Until a few years ago, the financial underwriting guidelines for term plans were such that one was required to submit documents like Form 16 and corporate salary slips – due to which many self-employed individuals were unable to avail term insurance plans, even if they wanted to. But, thanks to the ever-evolving insurance industry, this trend has changed in the last few years with more and more self-employed people being able to secure their financial future with a term plan. Income and ITR proofs are no longer a mandatory requirement for buying a term plan.

What’s contributed to this change? “A lot of digital parameters are now being used to evaluate the customer’s income instead of the traditional parameters – creditworthiness through credit and loan history and purchasing power through Vehicle Ownership data. Some insurers are now using GST databases to analyse the volume of business generated by self-employed individuals. This is a much-welcomed change by the self-employed sector of India – which is clearly evident from the increasing life insurance penetration in this segment,” informs Agarwal.

Benefits of term plans for self-employed individuals

Income protection: Self-employed individuals generally rely on income generated from their own effort and in the unfortunate event of their death, the financial security of their dependents stands to be compromised.
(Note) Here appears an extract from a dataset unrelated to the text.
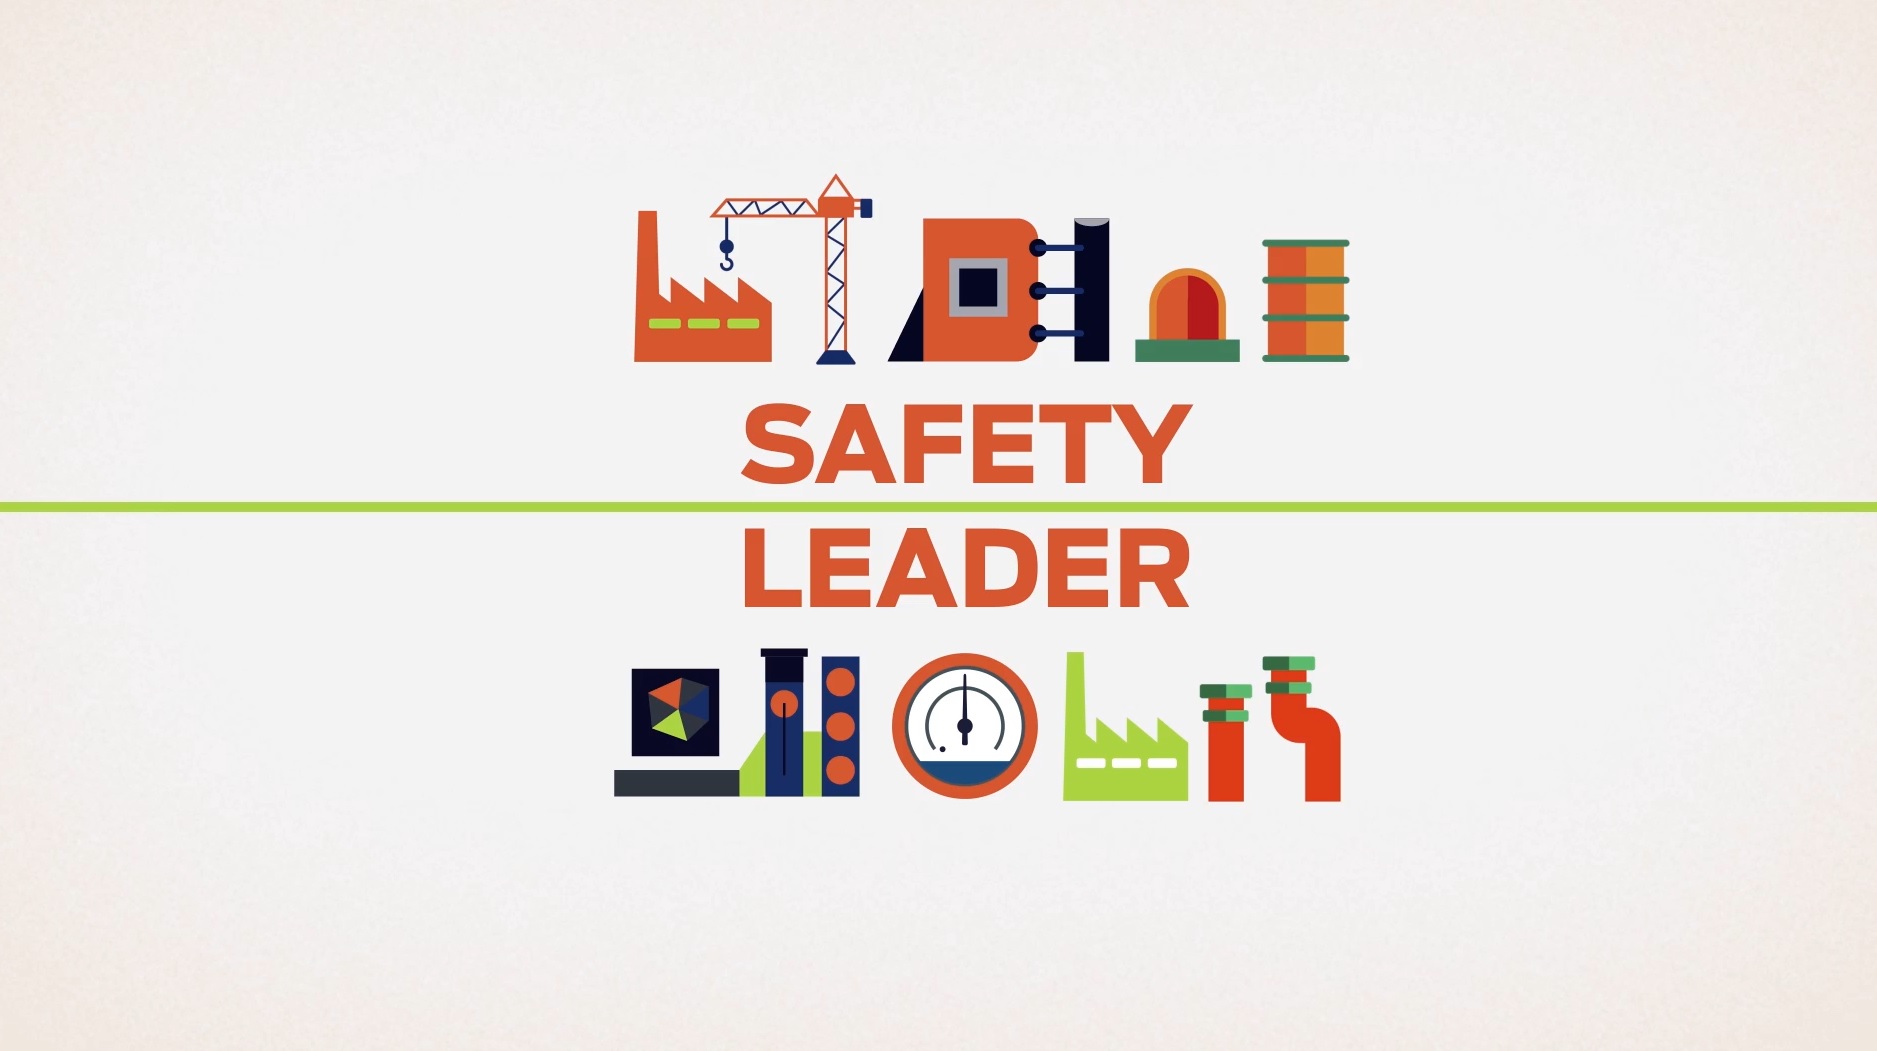 Leadership in safety

Term insurance plays the vital role of a safety net and ensures their loved ones are protected in the absence of the primary bread earner.

Business liabilities: “As many self-employed individuals are small business owners or engaged in freelancing work, in the event of their demise – loans, outstanding debts, or business liabilities can create a significant burden on their surviving dependents. A term plan with adequate coverage can cover these financial obligations,” says Agarwal.

Family’s future financial goals: Term insurance provides a lump sum payout which can help the dependents with funds for important life events like education expenses, mortgage payments or other financial goals.

Types of term plans for self-employed individuals

Self-employed individuals have access to the same plans available to people working in the formal sector. And they are as follows:

Term plan

Key features

Level term plans

Fixed sum assured throughout the policy Benefits paid to the nominee on the demise of the life insured

Return of premium plans

Total premium paid returned to the life insured if she/he survives the policy tenure

ULIP Plans

Dual benefit of protection and investment as part of premiums paid are invested into markets Plans offer >2 times return on paid premiums Traditional income proofs are not required

Increasing/Decreasing term plans

Option to increase/decrease the sum assured on an yearly basis during the policy period, to meet the goals of life assured at different stages

 

When it comes to the sum assured in term plans – the general rule of thumb is to go for 10x to 20x of your annual income. But people with large loans, considerable debts or multiple dependents might want to choose a higher death benefit.

However, don’t forget to thoroughly assess your needs and liabilities before finalising on a term plan. Additionally, make use of online comparison tools to find the plan that suits you best.